Though still positive, growth in air and sea freight was restrained by concerns over economic lulls in Asia and Europe, and possible U.S. trade policy hardening.
Growth in international freight went unexpectedly soft in the third quarter of 2018, with demand in both air and maritime sectors limited to modest rises. The reasons for the slowing appear to be lurching macro-economic activity in certain key regions – particularly Asia and Europe – and wariness among exporters about how potential hardening of U.S. trade policy might affect activity.
Though full Q3 figures have yet to be released, available statistics indicate an easing of the 0.4% increases in Europe’s GDP in each of the first two quarters of 2018. Similar easing occurred across Asia. Factory output across Europe in September dropped, and in China 15 straight months of successively higher industrial production came to a halt.

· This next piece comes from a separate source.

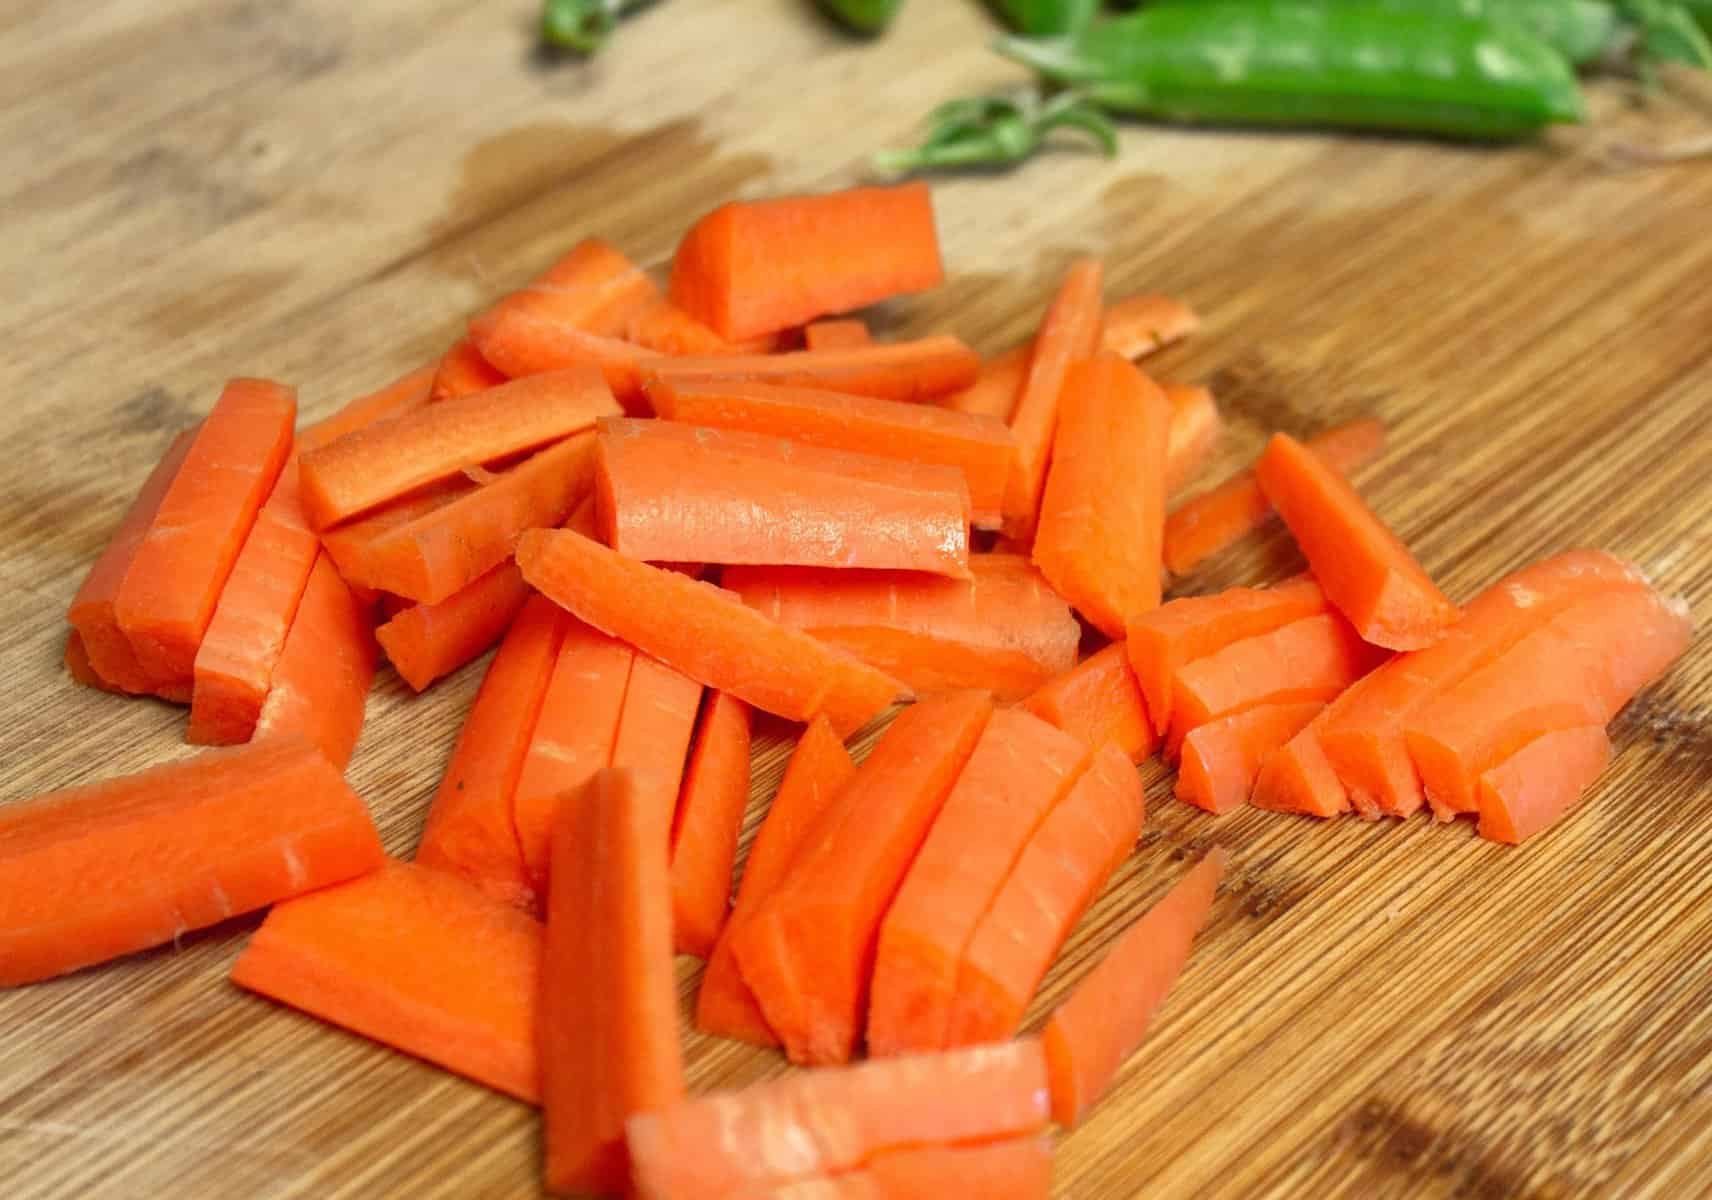 chopped carrots on wooden cutting board

Though the U.S. continued its strong performance with an estimated 3.2% GDP rise, the tough trade measures emanating from Washington at least partially inspired the doubts and hesitancy that slowed export activity in other regions.
“Routes to and from the U.S., especially trans-Pacific volumes, remained dynamic, but demand slackened elsewhere – particularly traffic to and from Europe,” says Anne-Sophie Fribourg, Sea Freight Procurement Director for Bolloré Logistics in Paris, adding Q3 growth is not expected to match the 4% level of the previous quarter.

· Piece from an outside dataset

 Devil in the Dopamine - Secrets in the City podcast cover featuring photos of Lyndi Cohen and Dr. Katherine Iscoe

“That slowing, and continuing over-capacity, held base rates fairly stable, and we don’t foresee any major changes in volumes soon,” she says. “However, the addition of surcharges to offset higher oil prices since June has accompanied new opacity of fuel and bunker costs that freight forwarders are challenging. That must be resolved ahead of the considerable rise in shipping prices that’s on the way.”

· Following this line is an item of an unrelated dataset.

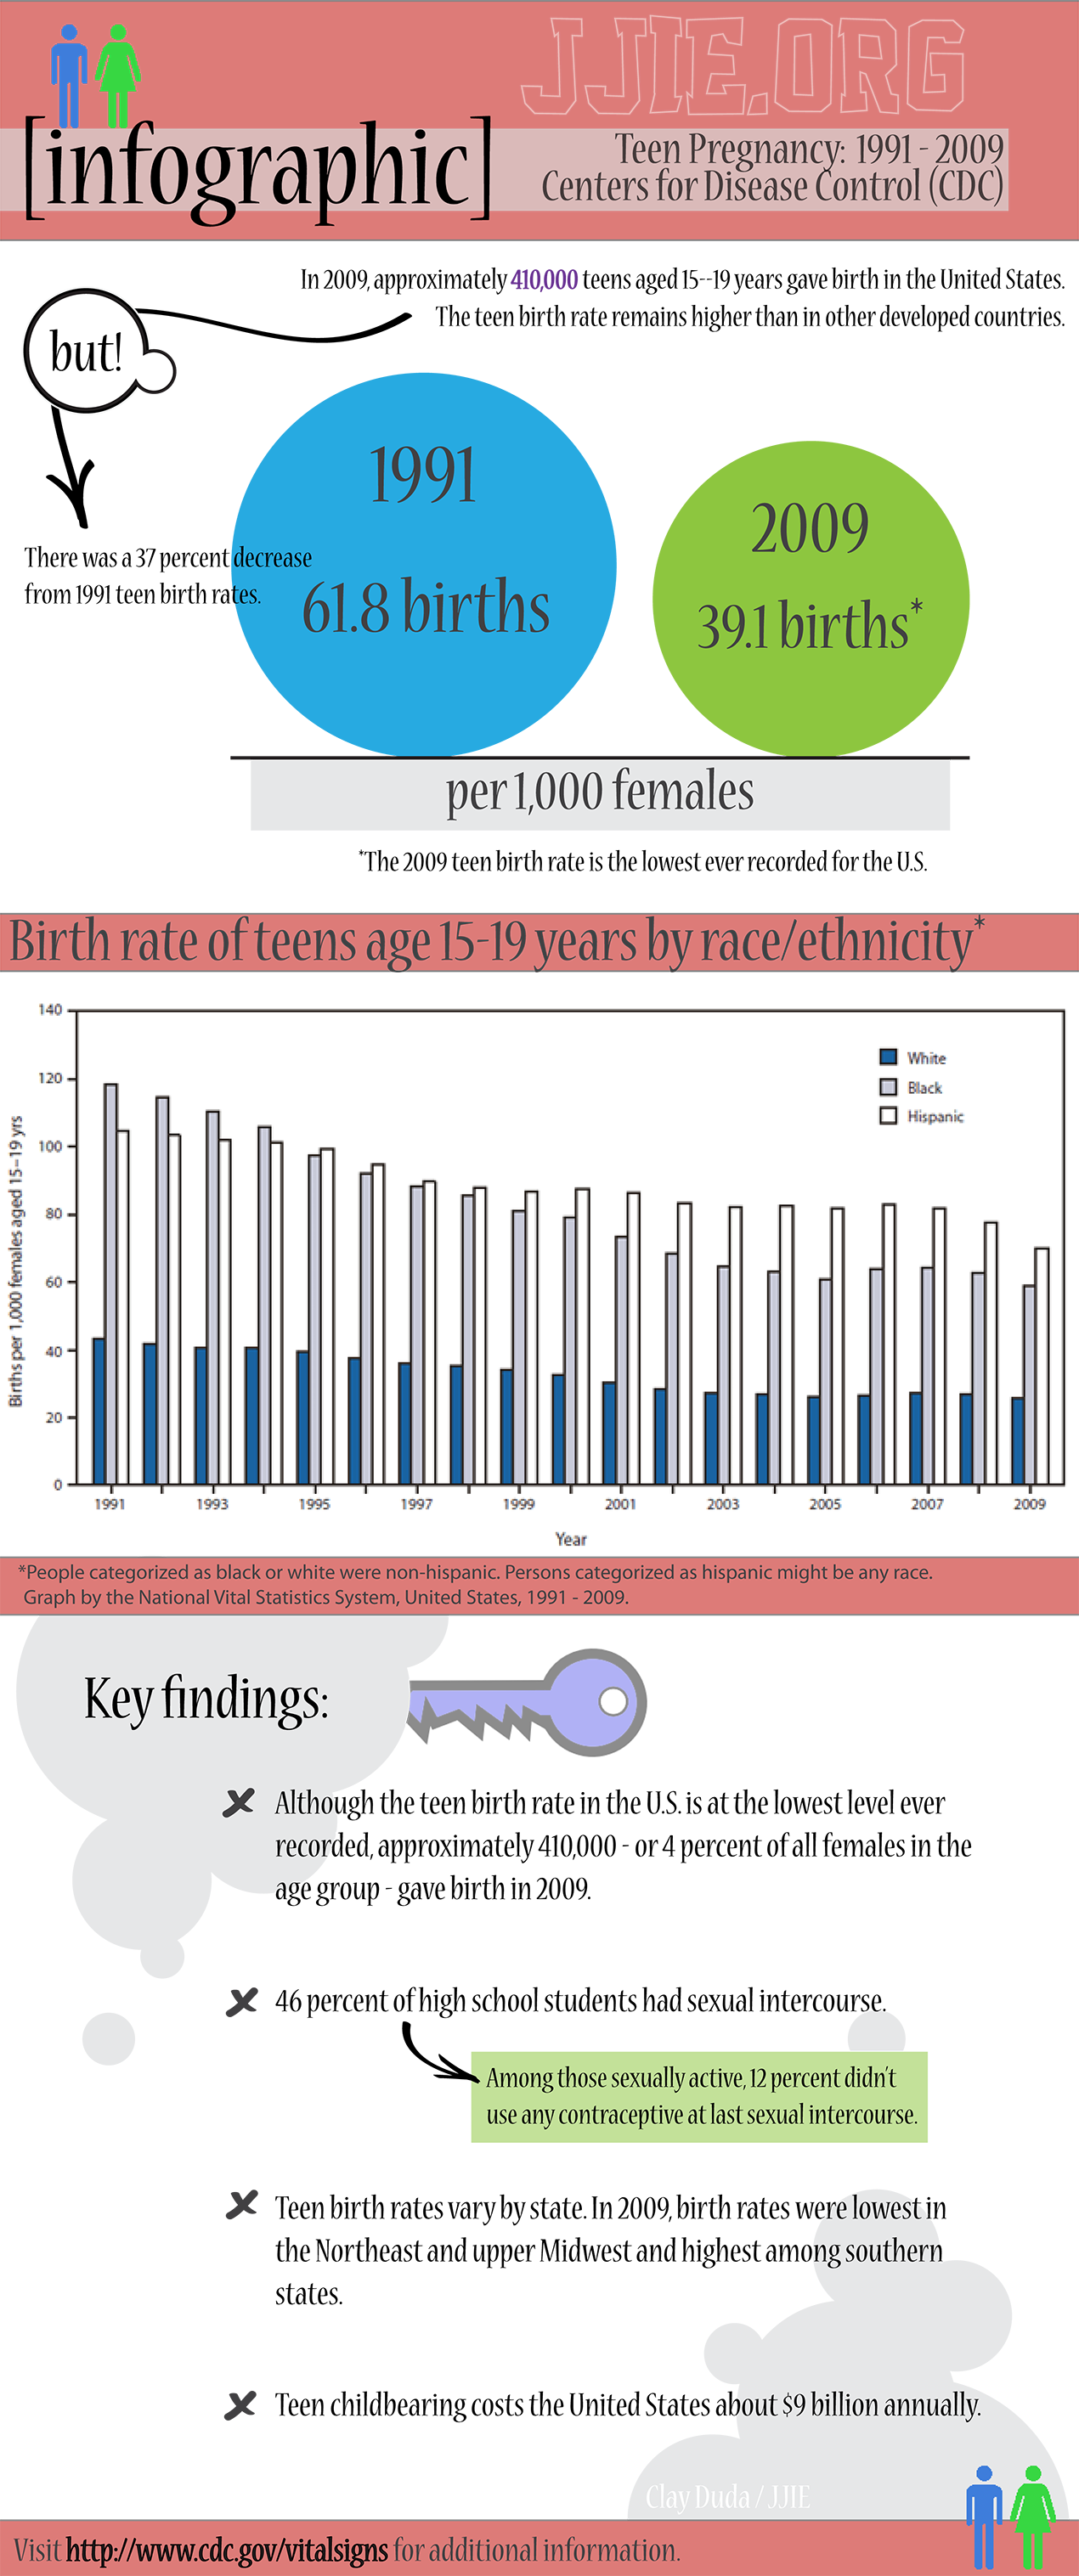 Teen pregnancy statistics from the CDC

The reason for that hike, Ms. Fribourg explains, is new environmental requirements reducing sulfur emissions 85% by 2020. To prepare for that, maritime transporters are installing filters to cut sulfur discharges, or ordering new vessels to be outfitted with natural gas engines.
“It’s estimated these measures will cost around $60 billion – a heavy expense, especially to transporters that collectively lost 3% to 4% in the first half of the year despite higher volumes,” Ms. Fribourg says. “Carriers are already planning to pass those environmental costs on to clients.”
Rising oil prices also made air freight more expensive -- though clients using the skies will be spared the extraordinary environmental costs awaiting maritime exporters. More broadly, however, the same tepid economic growth combined with concerns about tightening trade measures created a drag on air cargo activity in Q3 as they did on the seas.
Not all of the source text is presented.